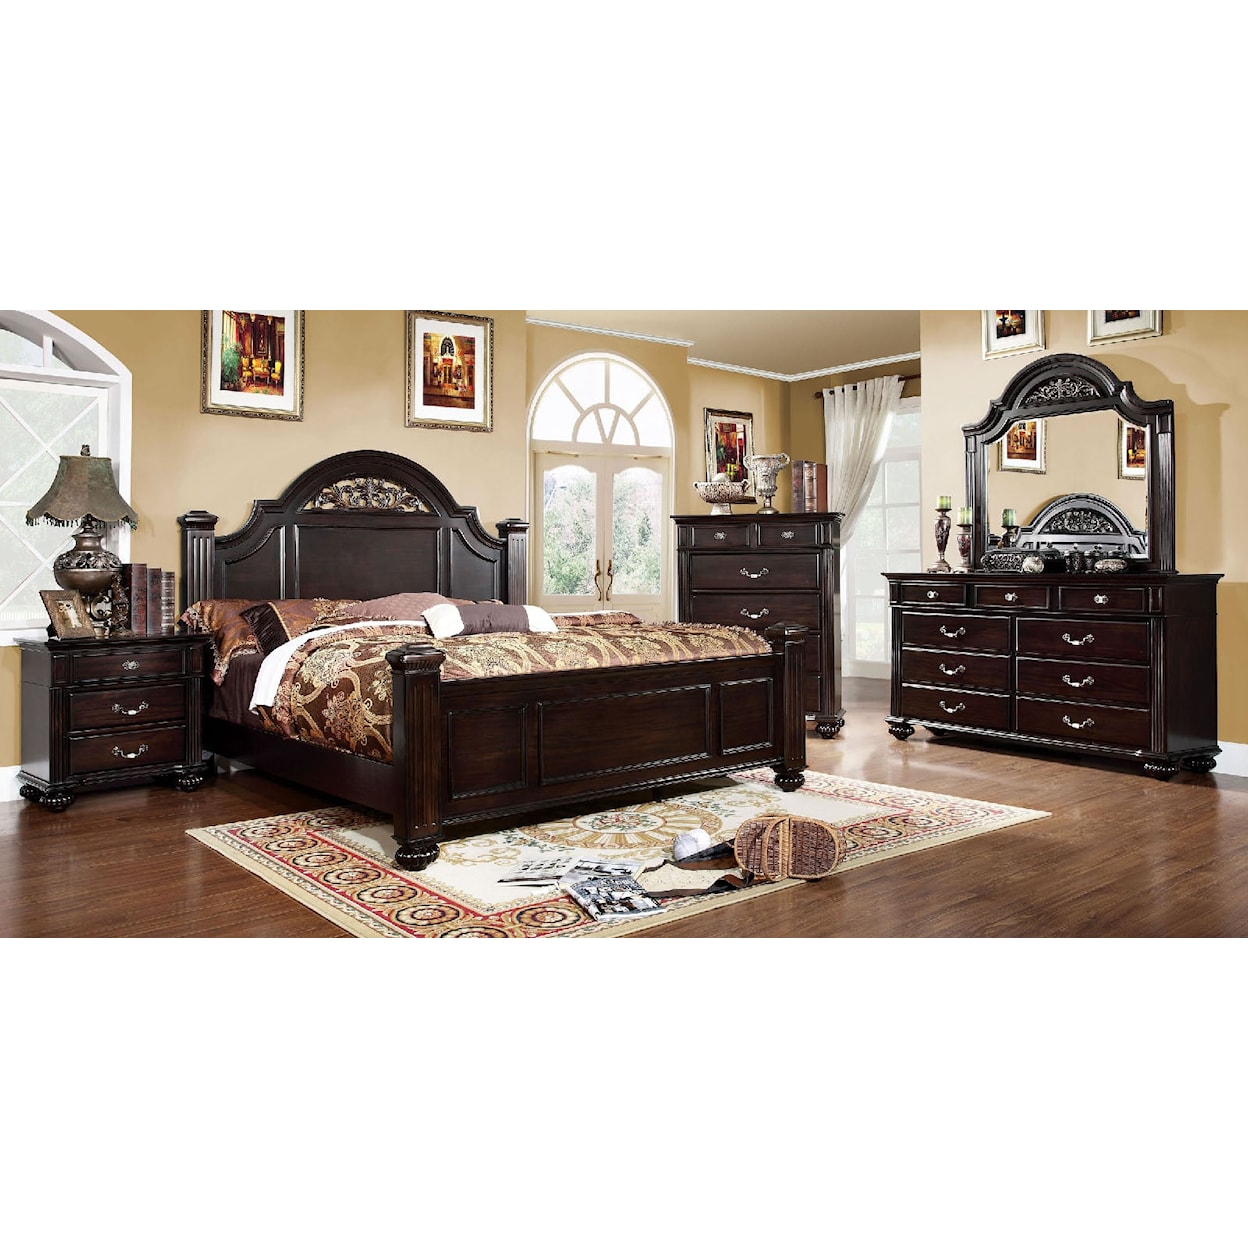 Furniture of America Syracuse 4-Piece Queen Bedroom Set
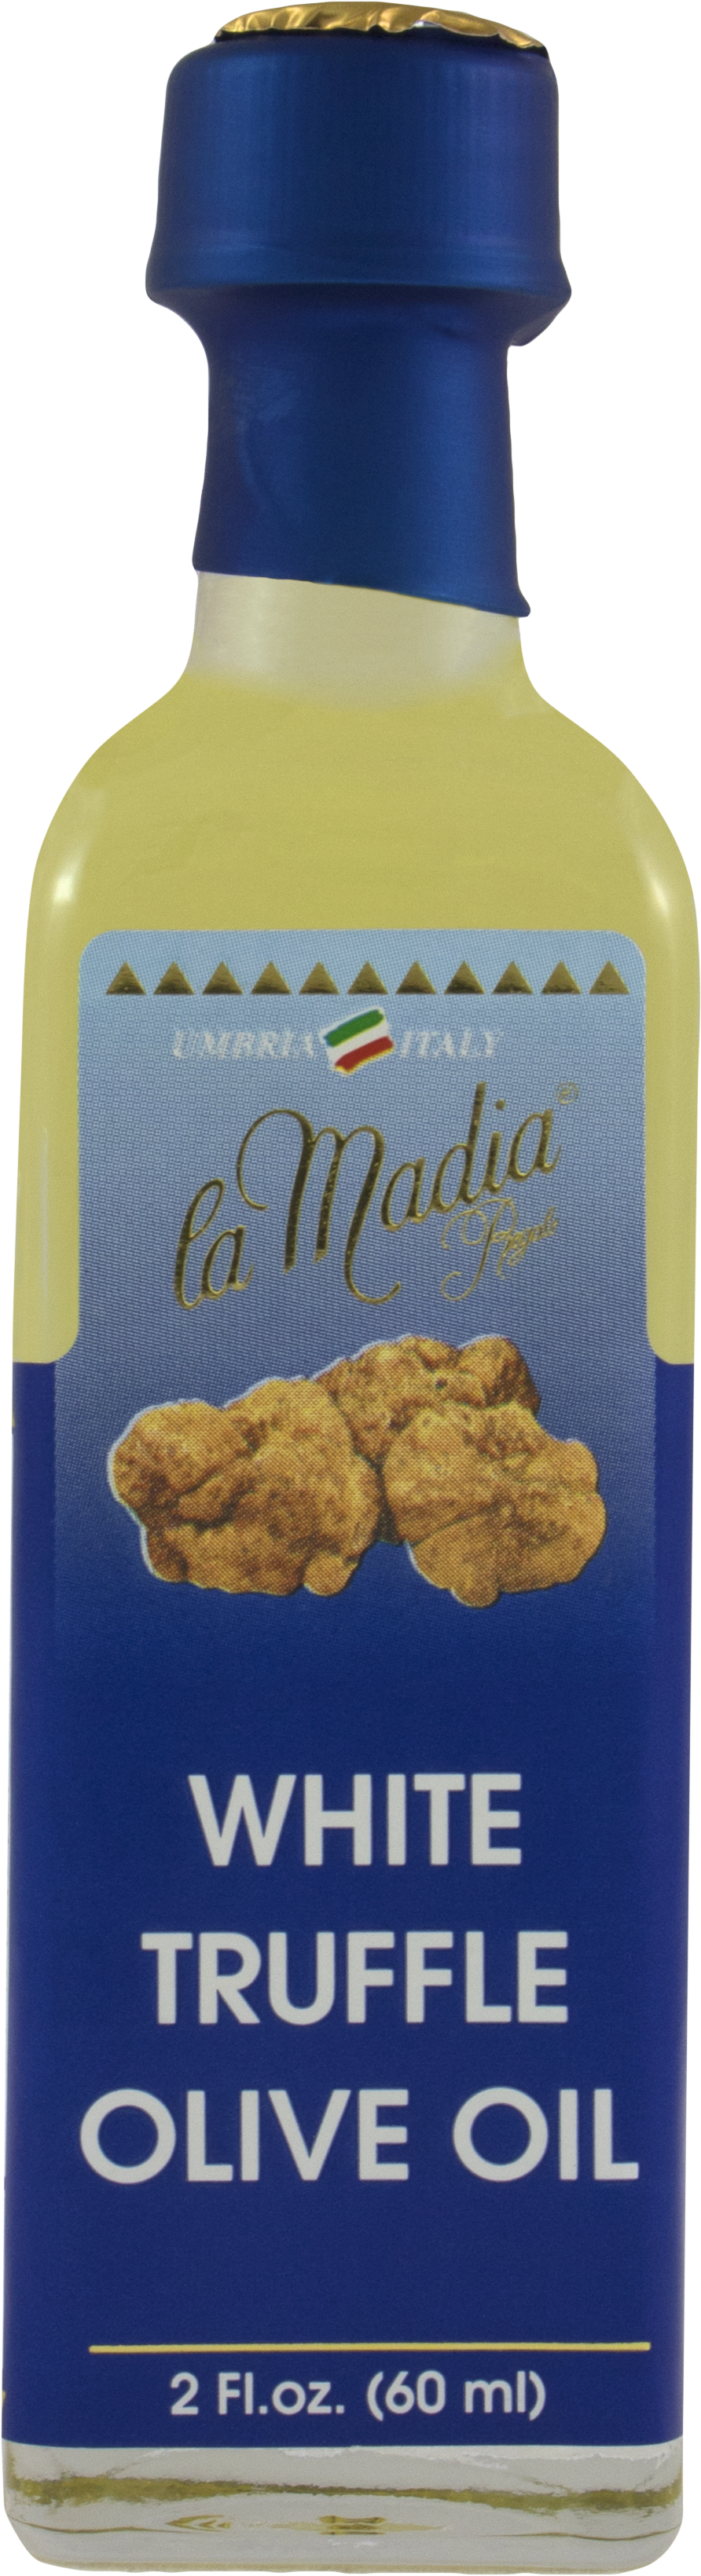 La Madia White Truffle Olive Oil - Advantage Gourmet Importers -bluecashew kitchen homestead
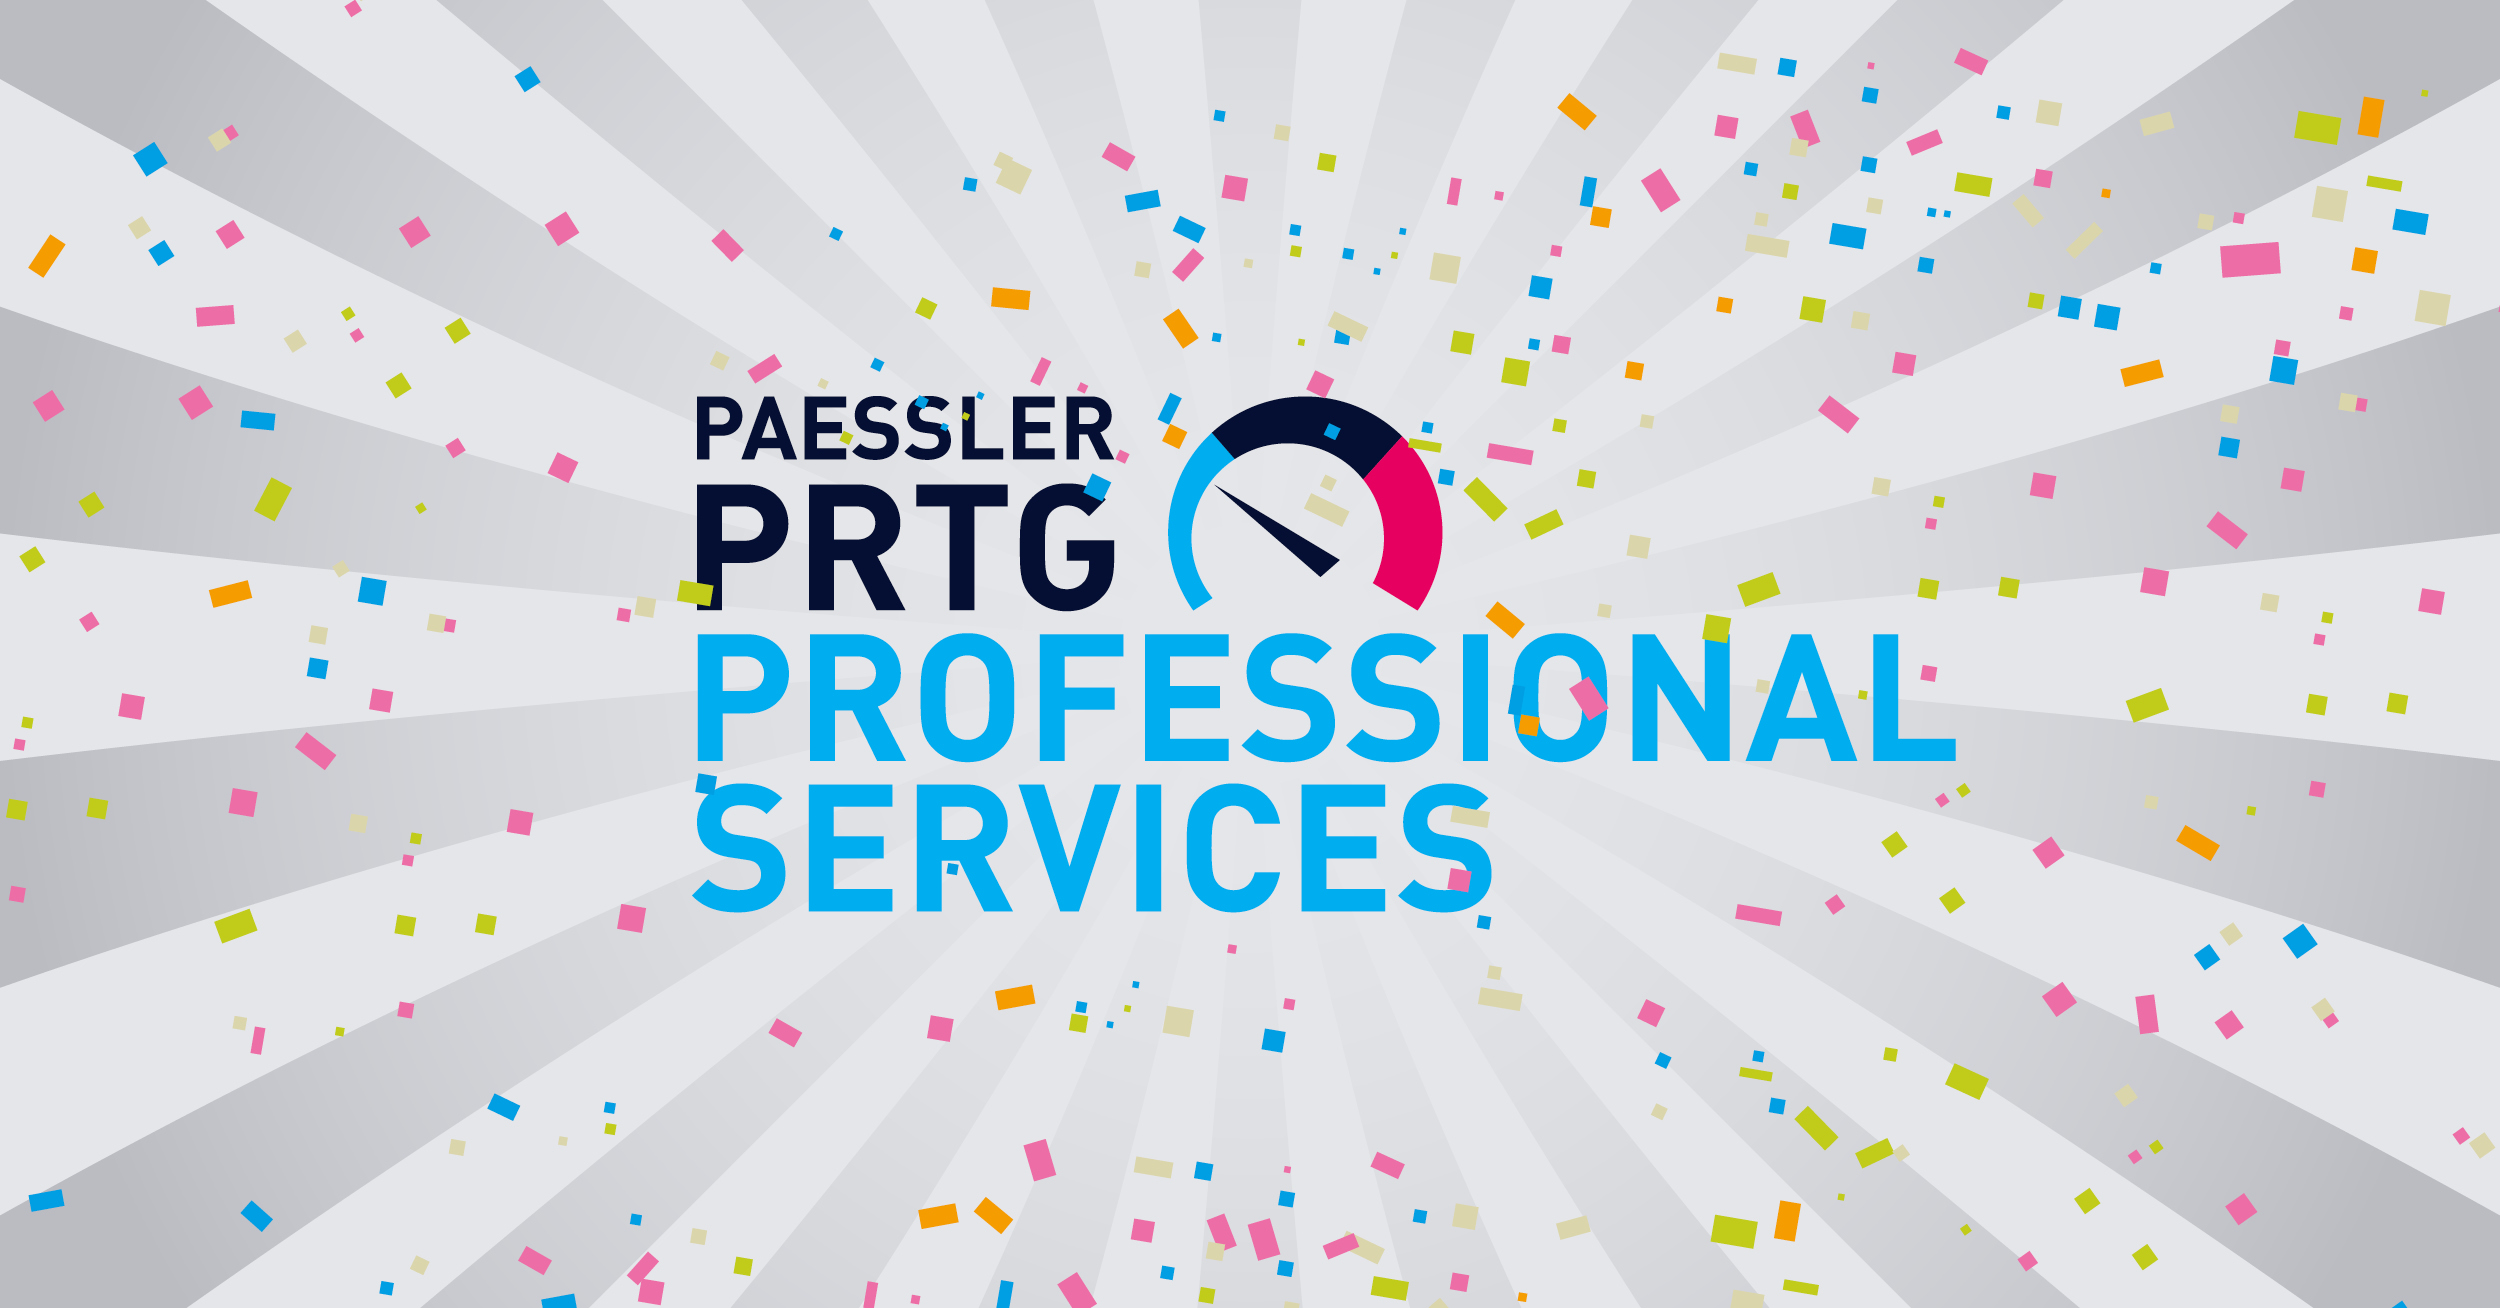 We proudly announce Paessler PRTG Professional Services
_ _ _ _ _
_Exercise aim_
The line containing "La Madia White" and every line after it, up to the last line of the data, should be returned exactly, without the pictures.

_Answer space_
 La Madia White Truffle Olive Oil - Advantage Gourmet Importers -bluecashew kitchen homestead
 We proudly announce Paessler PRTG Professional Services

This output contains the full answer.